A Although few details of this patient's adverse event following vaccination are available, in general, adverse reactions following
tetanus toxoid may be influenced by the number of previous doses, the toxoid dosage, the route and method of administration,
and the presence of adjuvants and/or other antigens (such as diphtheria toxoid) in the preparation chosen. The most common
adverse event following tetanus booster vaccination (in 50% to 85% of recipients) is a local reaction characterized by pain and
tenderness at the injection site, less frequently (in 20% to 30%) followed by edema and erythema, and rarely (less than 2%)
marked by considerable swelling.[1] Several studies have found a direct correlation between the circulating tetanus antitoxin
level and the degree of local reaction. A few reports have described massive local reactions (eg, associated with swelling from
elbow to shoulder), occurring primarily in persons receiving multiple booster doses of toxoid. Generally, these reactions begin
within 2 to 8 hours after the injection. Circulating antibody apparently forms complexes with the deposited toxoid to induce an
inflammatory response (Arthus reaction, type II hypersensitivity). Fever can accompany a local response (in 0.5% to 7%),
particularly when local reaction is marked or antitoxin levels are high, or both. However, a temperature higher than
39[degrees]C is rare, and other systemic symptoms, such as headache or malaise, are rarely reported. The preservative used in
tetanus toxoid (ie, thimerosal) can lead to delayed-type hypersensitivity, while serum-sicknesslike illnesses appear to be rarely
associated with tetanus toxoid.

This patient most likely experienced an Arthus-type reaction, probably caused by multiple previous doses of the toxoid that
resulted in high levels of circulating tetanus antitoxin. Assessment of tetanus antitoxin levels could substantiate the diagnosis and
assist future management in the event of a penetrating injury. If high levels of tetanus antitoxin are found, the patient should be
protected for at least 10 years, and tetanus toxoid should not be administered during this period. If tetanus antitoxin levels are
low, the patient should be evaluated by an immunologist or allergist; tetanus immunoglobulin could be used in the event of a
tetanus-prone wound to provide short-term protection until tetanus toxoid can be safely administered. To prevent such
reactions, tetanus toxoid should not be administered routinely more frequently than every 10 years as recommended by the
Advisory Committee on Immunization Practices.[2]

To better monitor the risk and nature of serious adverse events following vaccination (including vaccination with tetanus toxoid),
physicians are requested to report these events to the Vaccine Adverse Event Reporting System.

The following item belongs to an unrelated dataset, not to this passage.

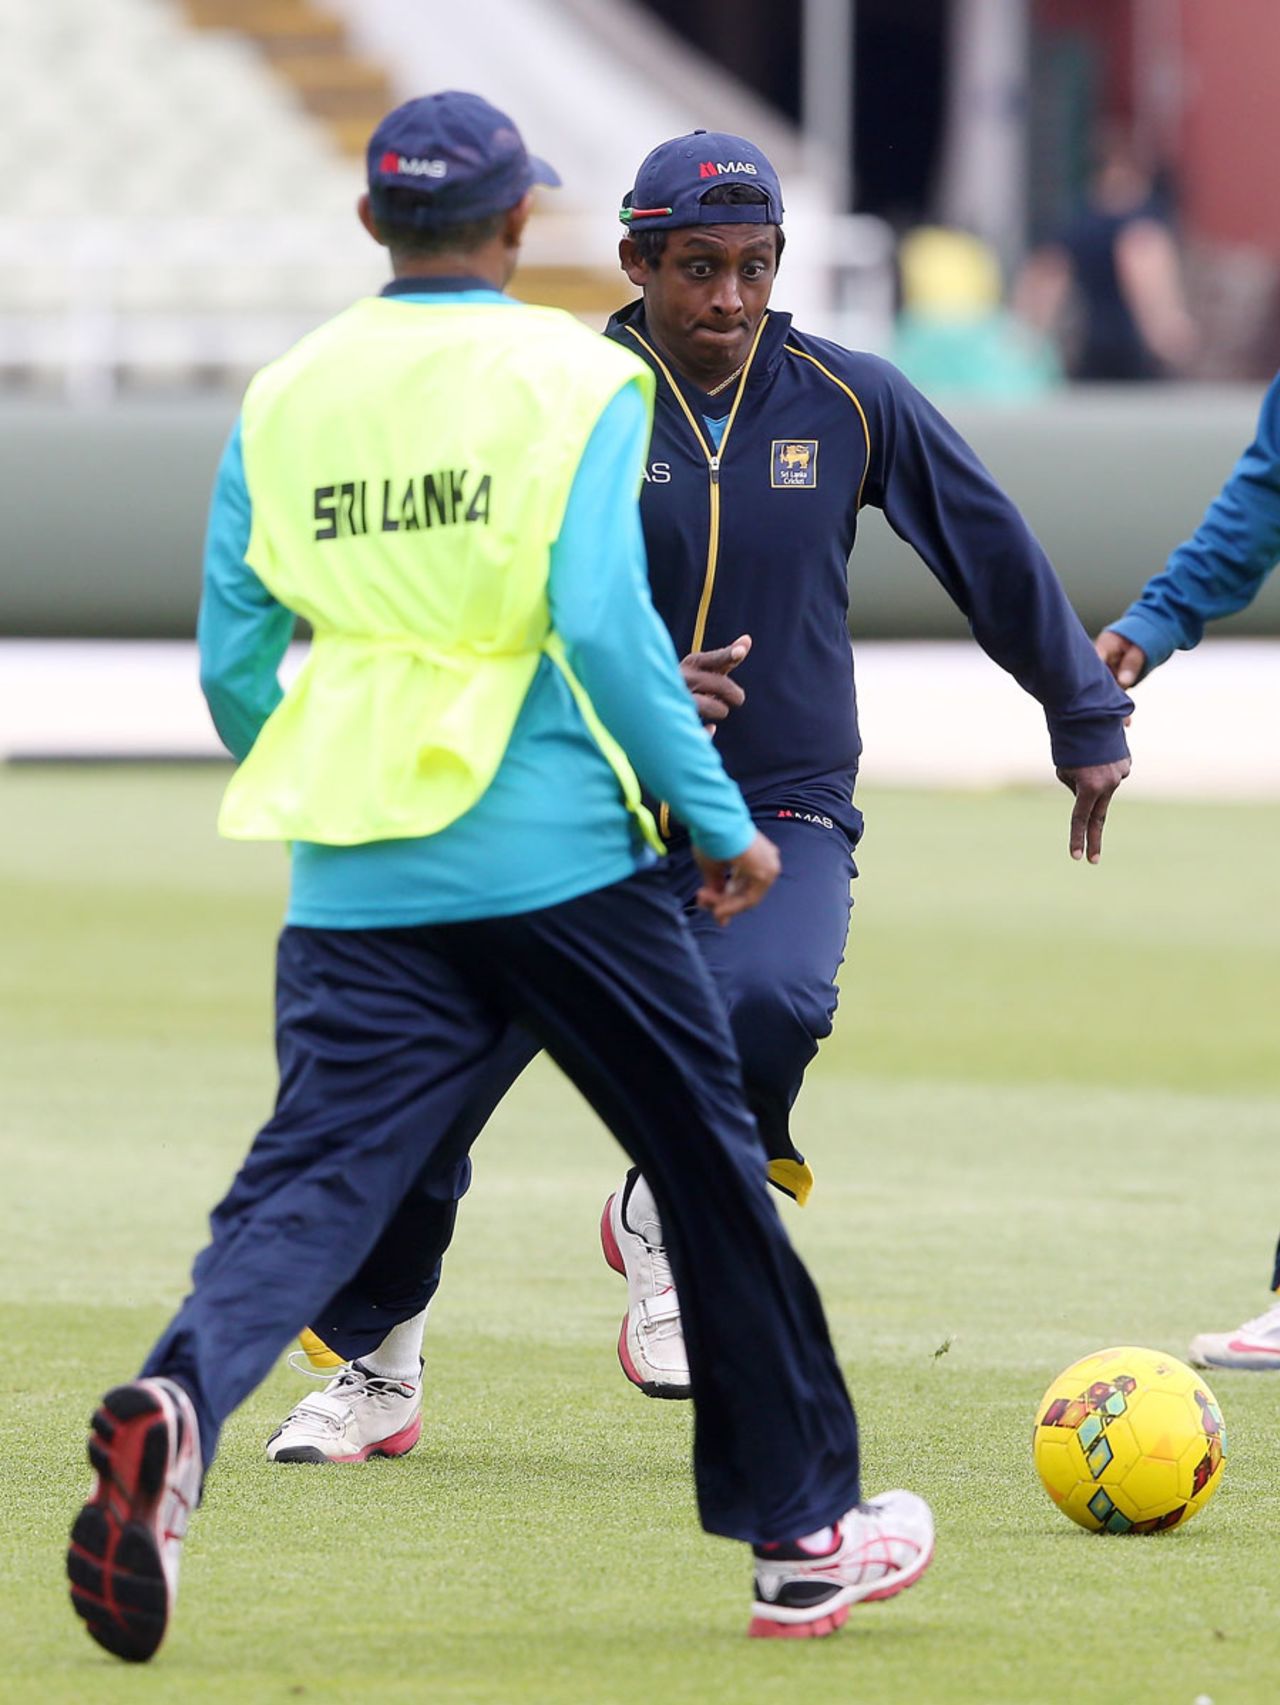 Ajantha Mendis shows off a different kind of footwork, Edgbaston, June 2, 2014
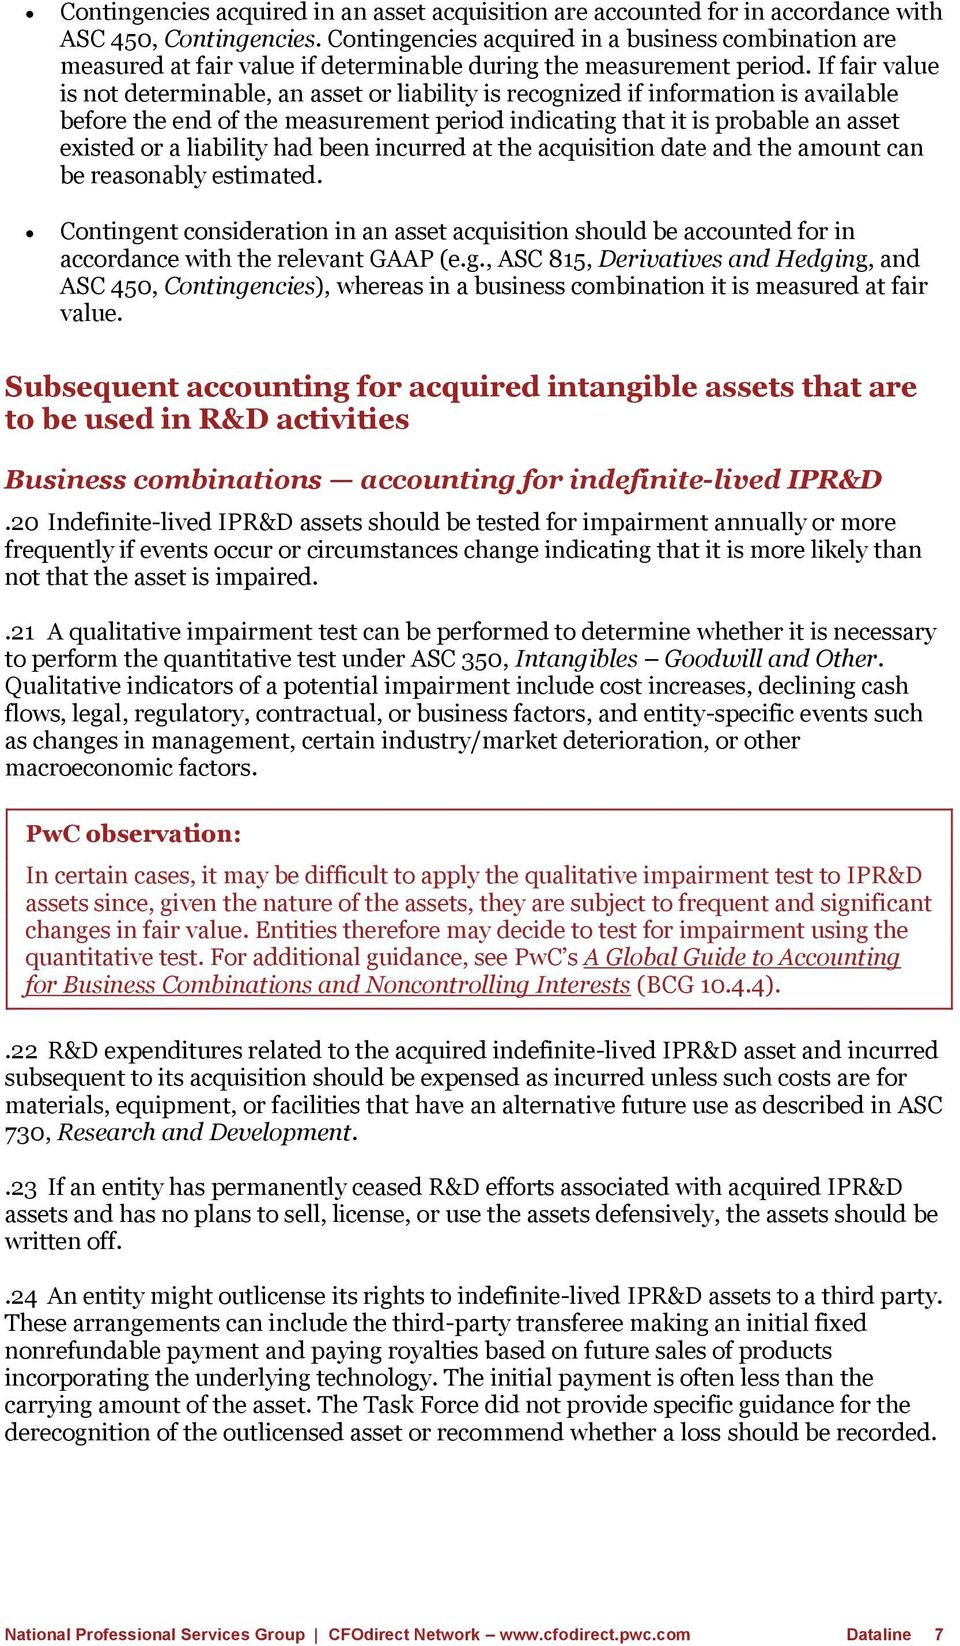 If fair value is not determinable, an asset or liability is recognized if information is available before the end of the measurement period indicating that it is probable an asset existed or a

Report forms and additional
information on reporting may be obtained by telephoning (800) 822-7967.

Roland W. Sutter, MD, MPH&TM

National Immunization Program
Centers for Disease Control and Prevention

Atlanta, Ga [1.] Wassilak SGF, Orenstein WA, Sutter RW. Tetanus toxoid. In: Plotkin SA, Mortimer EA, eds. Vaccines. 2nd
ed. Philadelphia, Pa: WB Saunders Co. In press. [2.] Centers for Disease Control. Diphtheria, tetanus, and pertussis:
recommendations for vaccine use and other preventive measures. MMWR Morb Mortal Wkly Rep. 1991;40(RR-10):1-28.